Les jeux TON ridiculisés
Même si la plupart des jeux TON actuels manquent encore de profondeur ludique, avec l’arrivée croissante de développeurs et de grands studios, nous verrons bientôt sur TON les jeux populaires de WeChat comme « Xian Dao Da Xian », « King of the Idlers », « Sheep Me Once », « Happy消除乐 », « Plants vs Zombies », «保卫萝卜», voire « Arknights ».
« Quand j’ai vendu mon premier mini-jeu le mois dernier, j’ai aussitôt appelé frénétiquement mes anciens collègues et amis travaillant sur de grands jeux blockchain, pour confirmer que mon intuition sur TON était bonne.
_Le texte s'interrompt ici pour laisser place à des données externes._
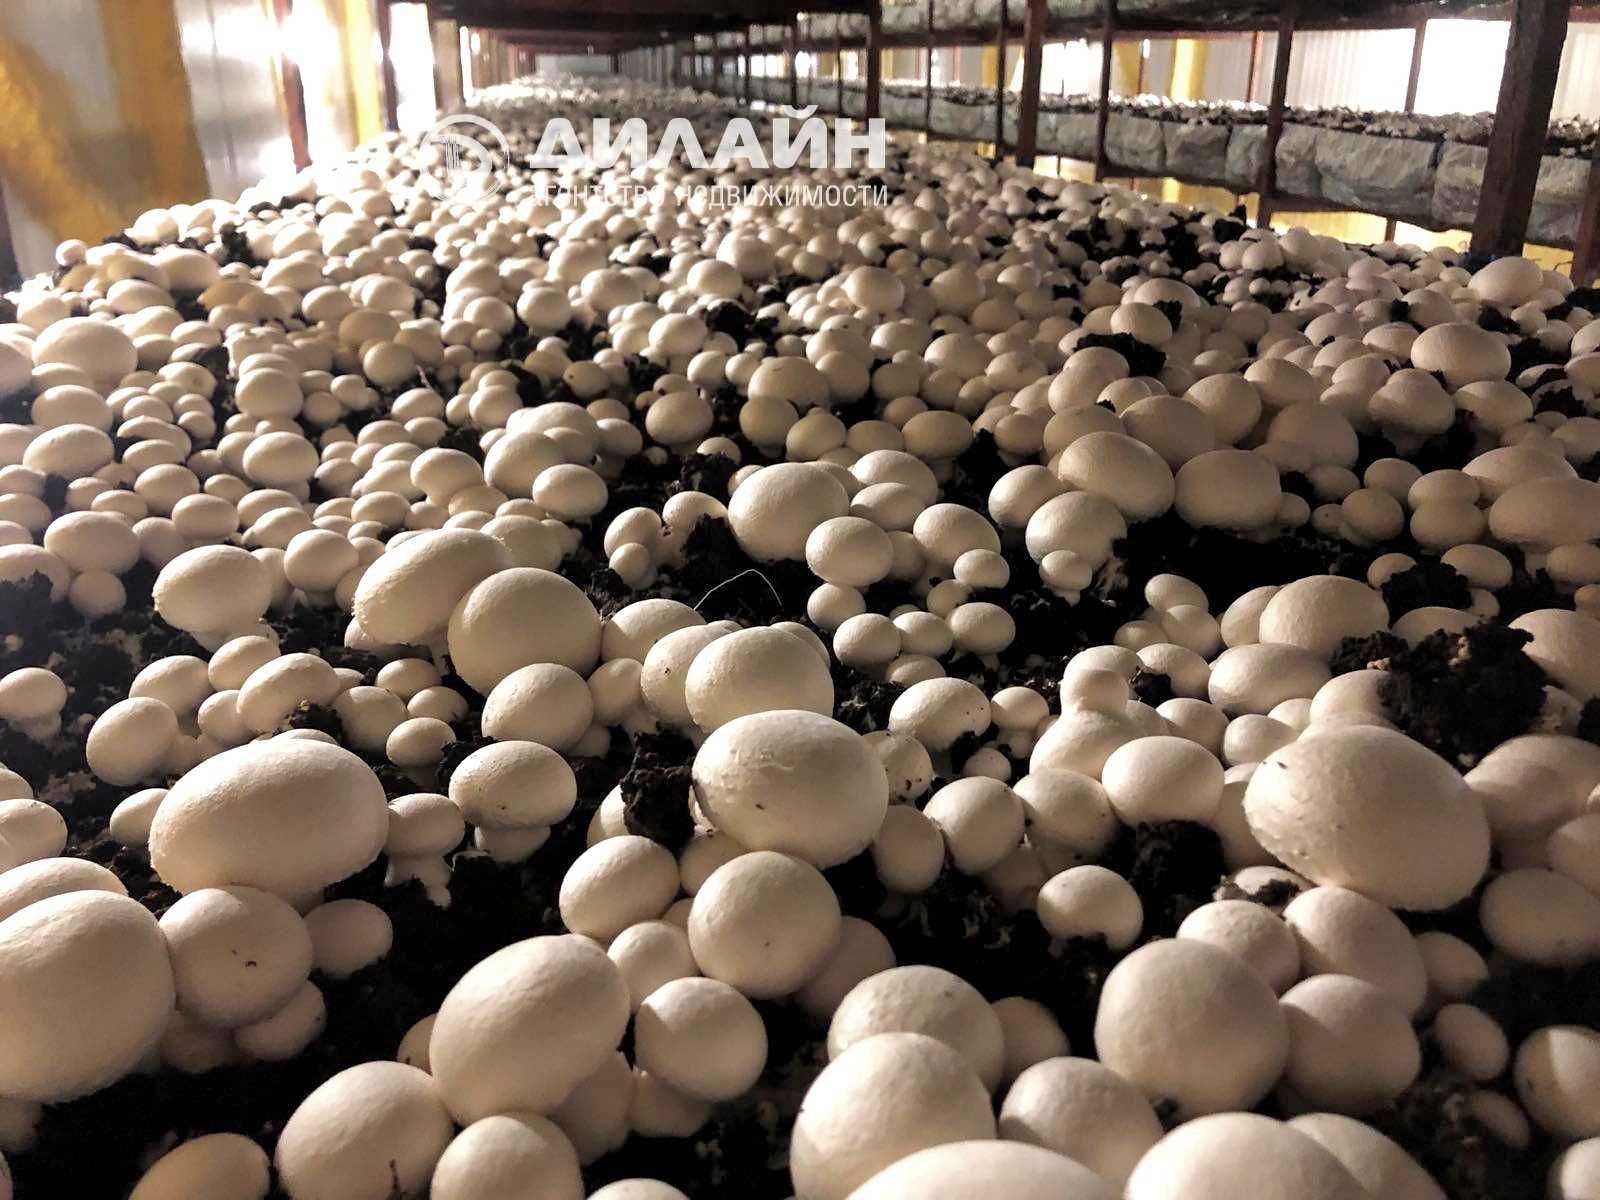 Фабрика–универсал: выращивание грибов, заморозка ягод, разведение рыб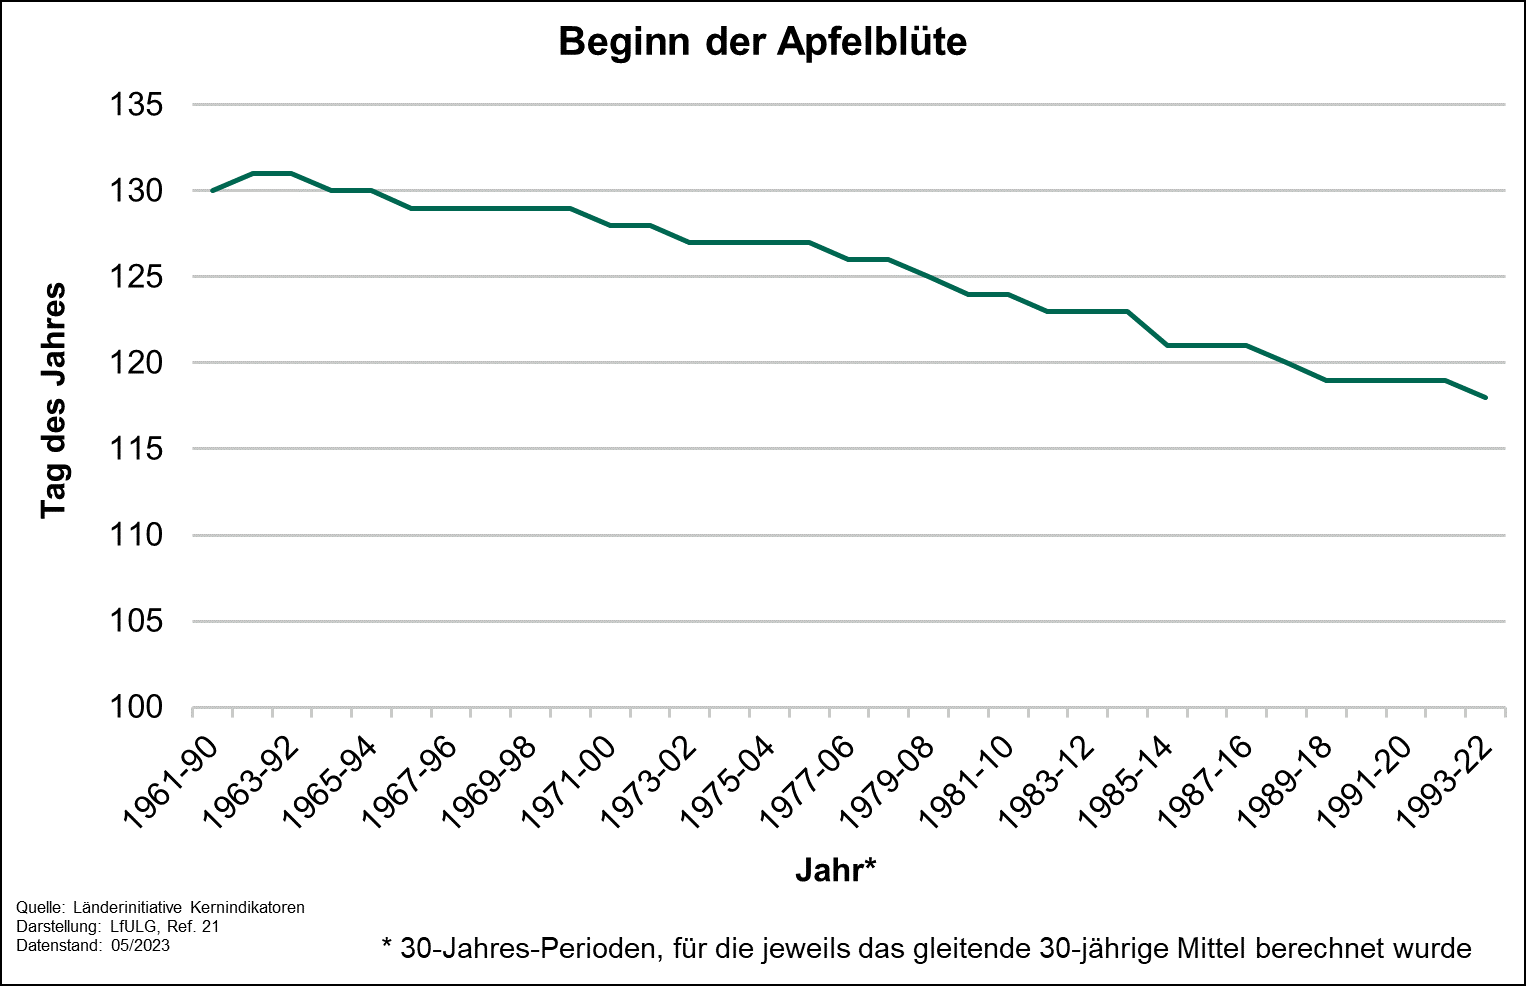 Die Grafik zeigt die Entwicklung des Beginns der Apfelblüte im dreißigjährigen gleitenden Mittel für die Perioden 1961-1990 bis 1993-2022..

Maintenant, je suis très heureux, extrêmement joyeux. »
À ce moment-là, Xiao Ze reçoit un appel de son collègue développeur, pour vérifier des détails de code. Avant de partir précipitamment, je lui dis : « Ton état est complètement différent de l’année dernière. Tu as l’air ressuscité. »
Xiao Ze agite la main et dit : « Je ne fais plus semblant. Dans l’industrie du jeu ou dans celle de la blockchain, on n’a pas besoin de faire forcément de grandes choses pour être impressionnant. Faire de petites choses d’abord, c’est très bien. Alors, au diable les gros jeux. »
Remerciements sincères à tous les interviewés ayant fourni des informations. Par respect de la vie privée, certaines identités ont été rendues anonymes.